Overview
This lecture reviews the development and mechanics of next-generation DNA sequencing technologies, focusing on Roche 454, Illumina HiSeq 2000, and Applied Biosystems SOLiD systems.
Roche 454 Genome Sequencer FLX
- 454 simplified the Sanger sequencing preparation and launched commercially in 2005.
- Uses adapter-flanked DNA fragments attached to etched fiber chips for sequencing.
- Employs emulsion PCR amplification to replicate strands and attach them to beads.
- Beads are loaded onto a picotiter plate, filling individual wells for detection.
- Packing beads help the spectrometer read the signal from each well.
- Can process many samples in parallel, boosting throughput over Sanger.

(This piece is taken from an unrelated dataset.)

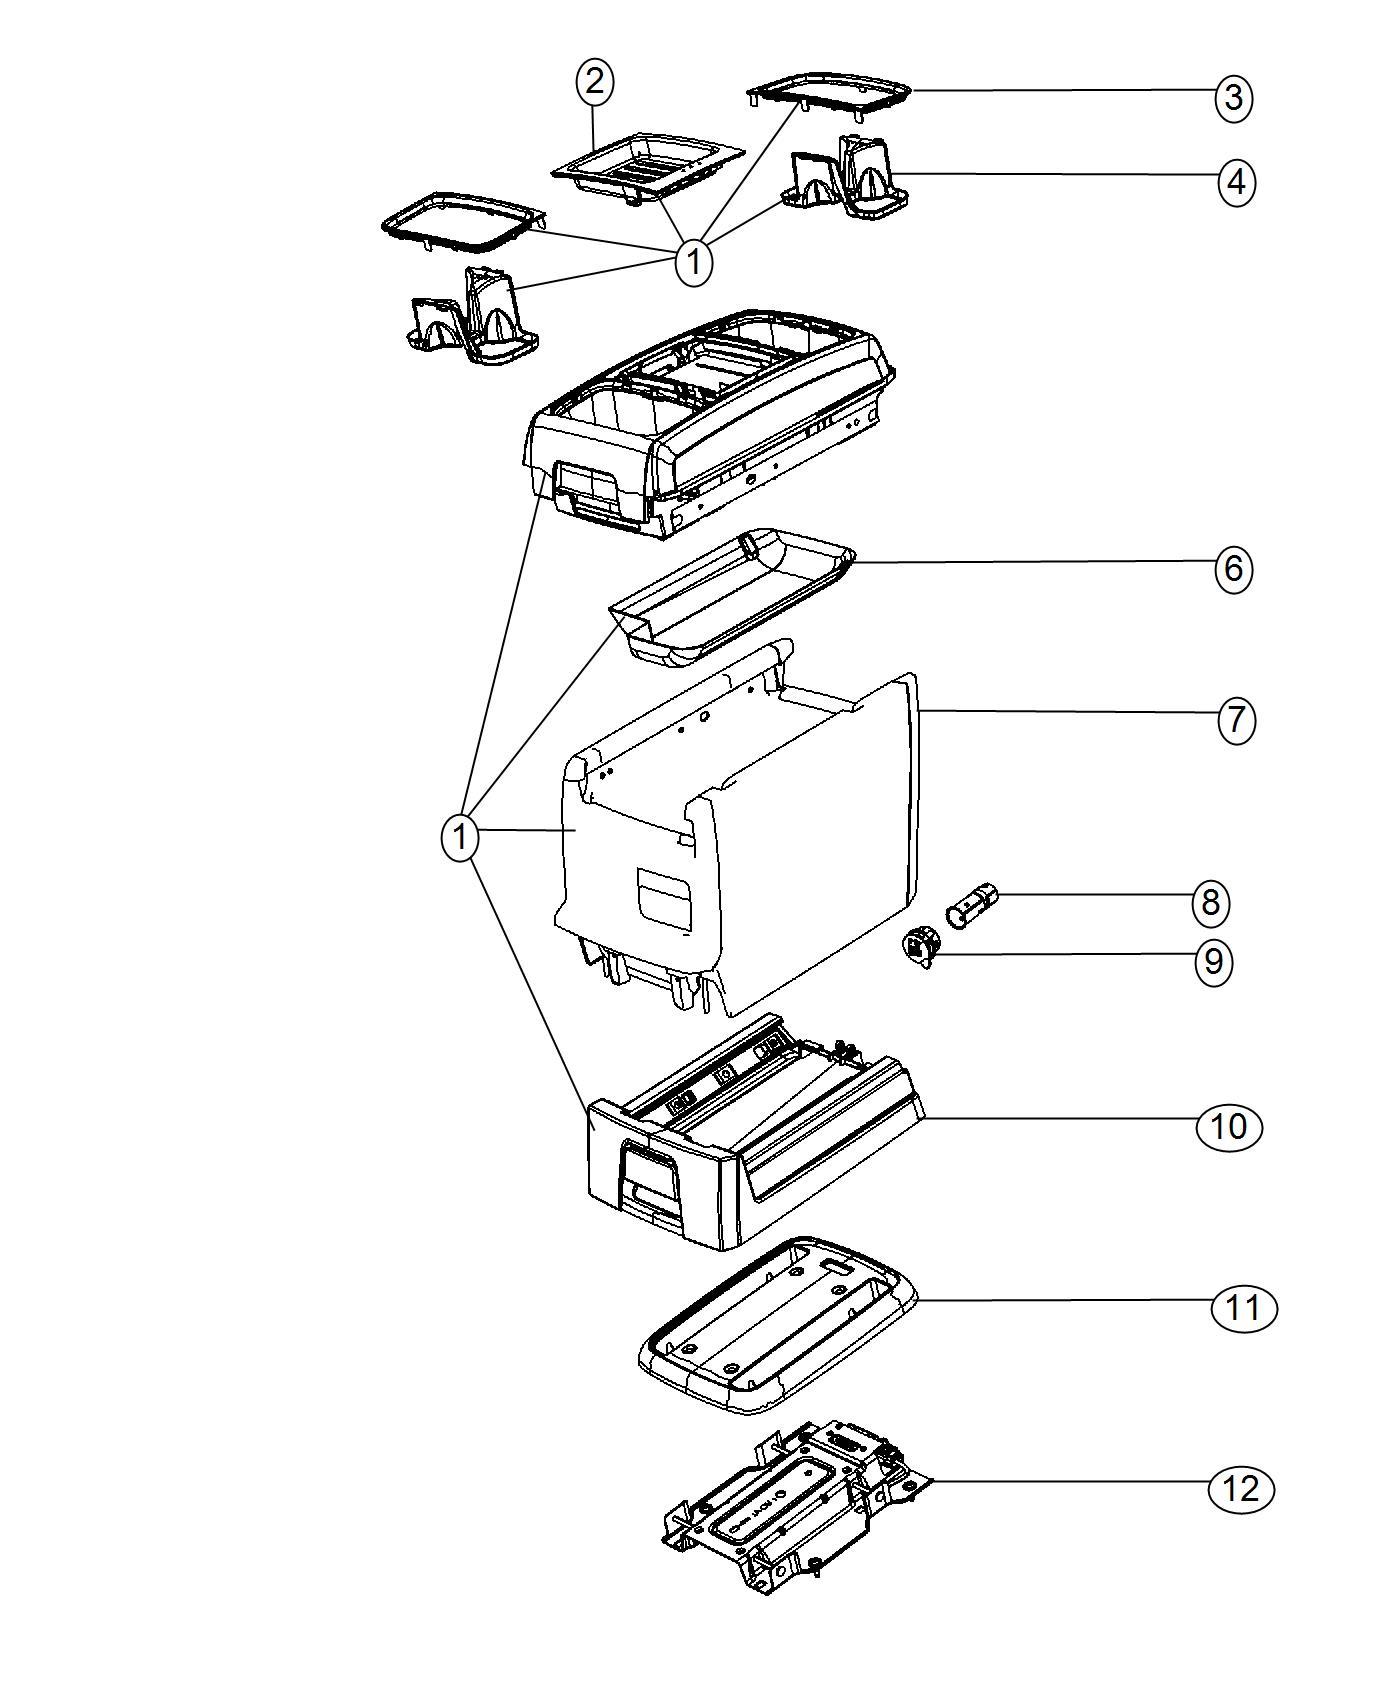 2016 Dodge Grand Caravan Mat. Storage tray. [removable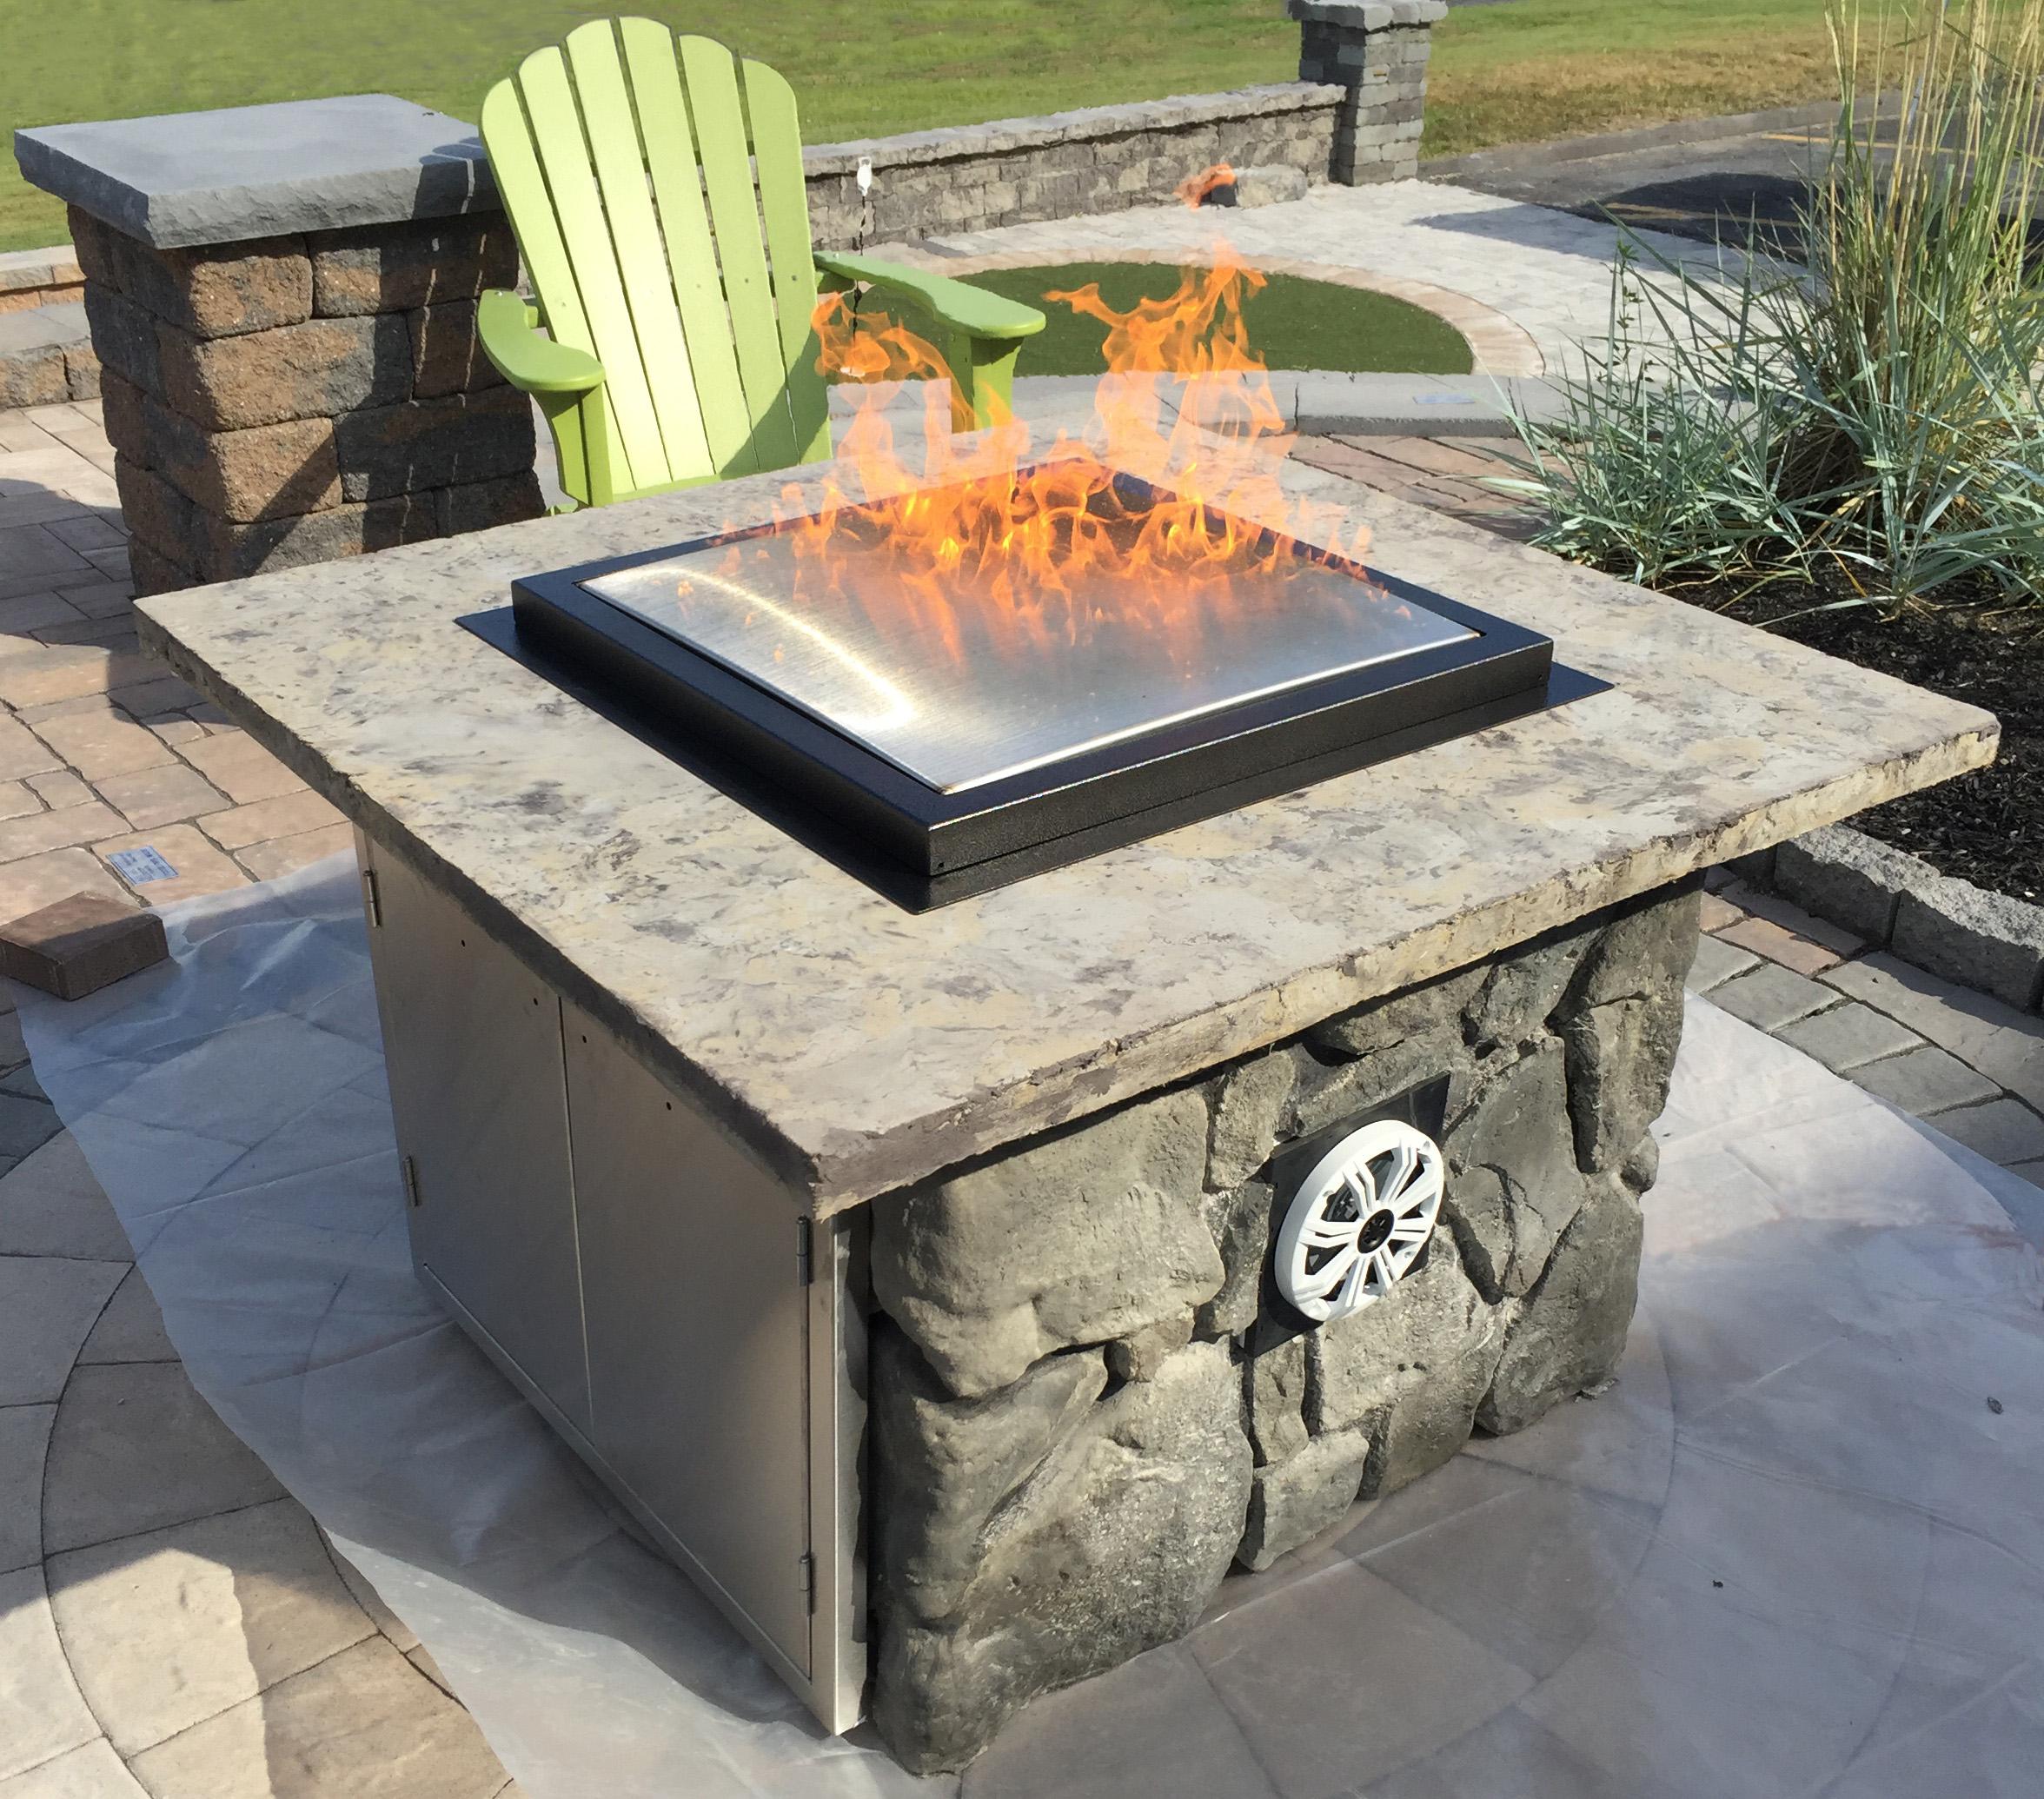 Blazing Beats fire table

- Has trouble accurately reading homopolymers, resulting in higher error rates.
- Sequencing cost per base is higher than some competitors.
Illumina HiSeq 2000 Sequencer
- Uses chain termination sequencing, like Sanger, with engineering improvements for highest market output.
- DNA is fragmented and size-selected (200–300 bp) using gel electrophoresis.
- Utilizes automated cluster generation on a flow cell covered in adapter sequences.
- Bridge amplification produces many copies of each fragment in clusters.
- Camera captures fluorescent signals as each base is added during sequencing.
- Compiles sequence data from images of roughly 150 million clusters per flow cell.
- Offers highly efficient, high-throughput sequencing.
Applied Biosystems SOLiD System
- Offers flexible genome sequencing for various applications.
- Steps include enzyme/sample prep, PCR/substrate prep, ligation, imaging, and data analysis.
- Only enzyme/sample prep and data analysis vary per application.
- Uses emulsion PCR and distributes fragments onto microbeads of varying sizes.
- Slides can have different numbers of sections to suit specific applications.
- Fluorescence is detected when fragments are ligated onto single-stranded sequences.
- Uses X-ActiCol chemistry with an 8-base interrogation system and 4 fluorescent primers.
- Can precisely detect single-base insertions, deletions, and SNPs.
Key Terms & Definitions
- Emulsion PCR — PCR method where amplification occurs in tiny oil droplets, isolating each DNA molecule.
- Homopolymer — A sequence of identical nucleotides, which can be difficult to sequence accurately.
- Bridge Amplification — Technique for creating clusters of identical DNA fragments on a surface.
- Flow Cell — A flat platform used in sequencing to hold DNA samples for analysis.
- SNP (Single Nucleotide Polymorphism) — A variation at a single base pair in a DNA sequence.
- Ligation — Process of joining two DNA strands together.
Action Items / Next Steps
- Review differences between Roche 454, Illumina HiSeq, and SOLiD systems.
- Study error types (e.g., homopolymer errors) and sequencing chemistry for exams.